Revisiting our recent coverage, the prison’s population peaked in 2003 with 680 prisoners. The Bush/Cheney administration began moving detainees out in its second term, and by the time Barack Obama became president, the population was down to 242 prisoners.

In 2009 and 2010, Congress made it effectively impossible for the Democrat to close the facility altogether, but Obama successfully lowered the prison population from 242 to 41.

“As president, I have tried to close Guantanamo,” Obama said in a letter to congressional leaders on his last full day in office. “When I inherited this challenge, it was widely recognized that the facility — which many around the world continue to condemn — needed to close. Unfortunately, what had previously been bipartisan support for closure suddenly became a partisan issue. Despite those politics, we have made progress.”

The point of the progress, obviously, was to reduce the overall population, but it was also intended to appeal to Republicans’ sense of fiscal sanity: The smaller the number of detainees, the harder it becomes to justify the massive expense of keeping open a detention facility that houses so few people.

Even if congressional Republicans are inclined to ignore every other consideration, the hope has long been that GOP lawmakers would at least care about wasteful spending: It costs American taxpayers roughly $13 million per prisoner, per year.

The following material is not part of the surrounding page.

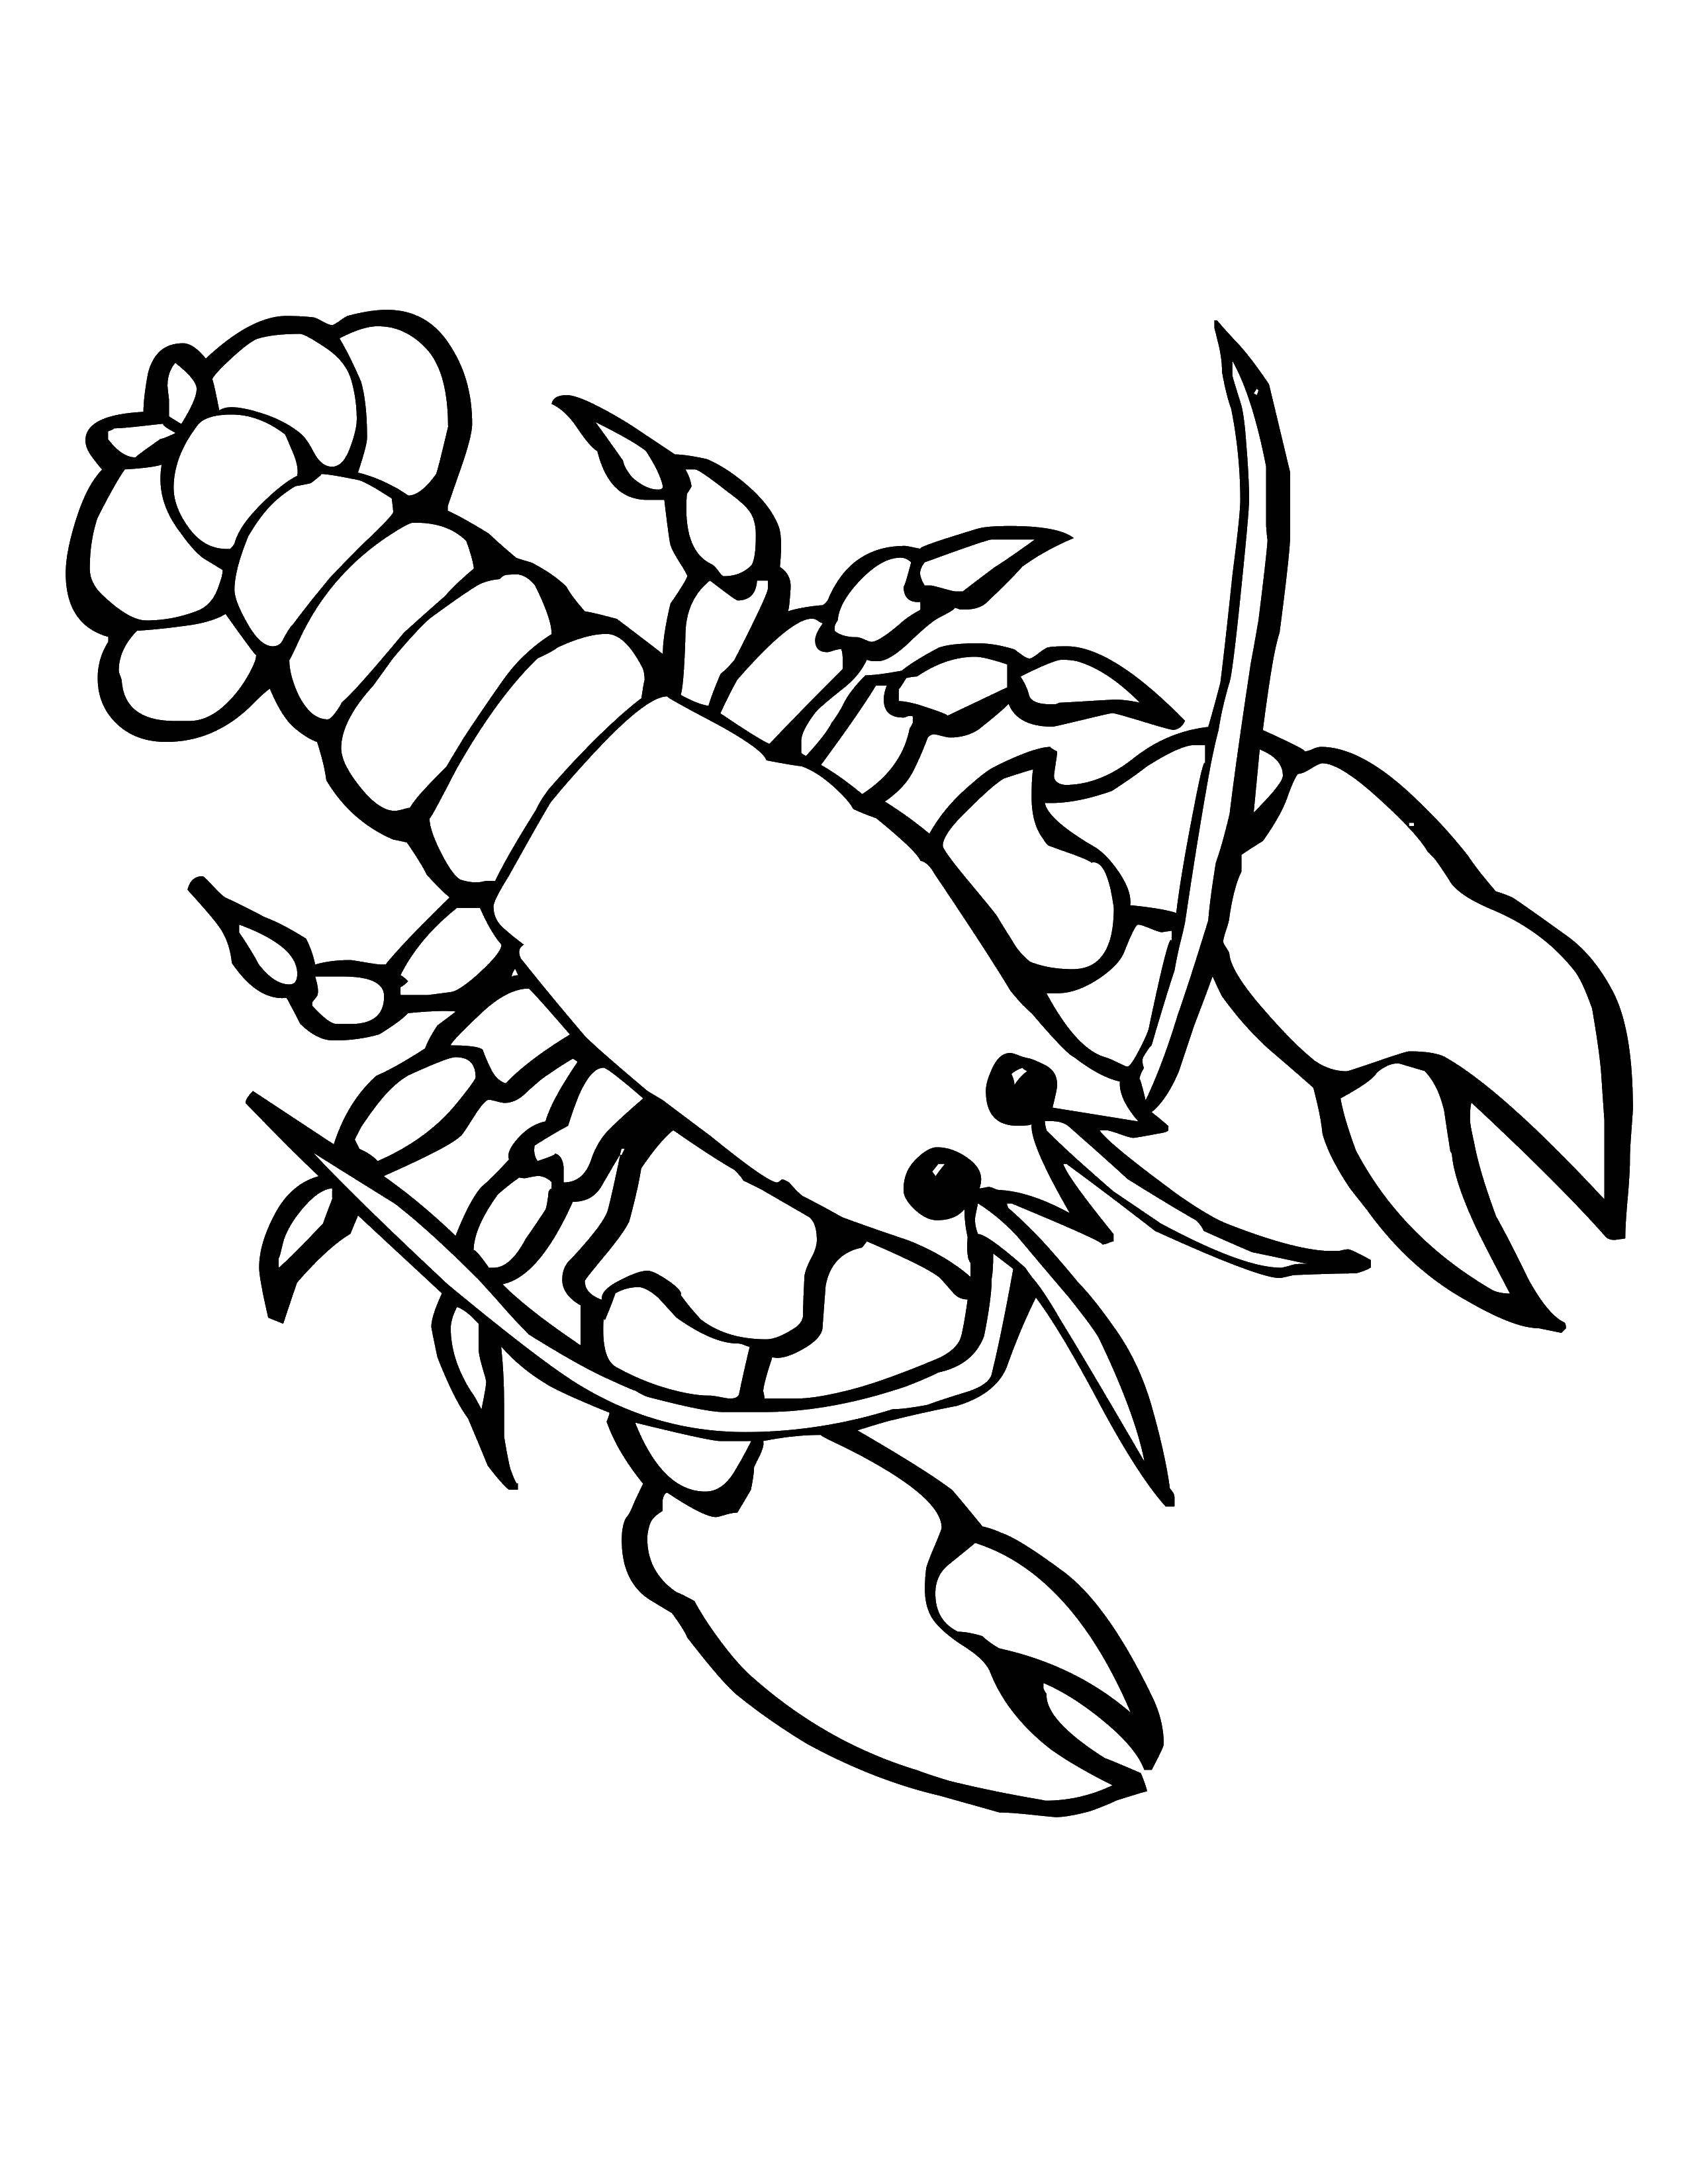 Coloring River crayfish. Category marine. Tags:  Underwater world.

As of today, the facility holds just 32 inmates, down from 40 when Donald Trump left the White House. The cost of keeping the prison open for such a small group of inmates is tough to justify.

About a month after Joe Biden’s presidential inauguration, the White House announced plans to shut down the prison once and for all, with the Departments of Defense, State, and Justice planning to work with the White House National Security Council in pursuit of the goal.

The latest developments suggest officials have made some progress, but given Republican intransigence — and indifference to the financial considerations — lowering the number from 32 to zero will remain a difficult challenge for the administration.

This post is a revised version of our related earlier coverage.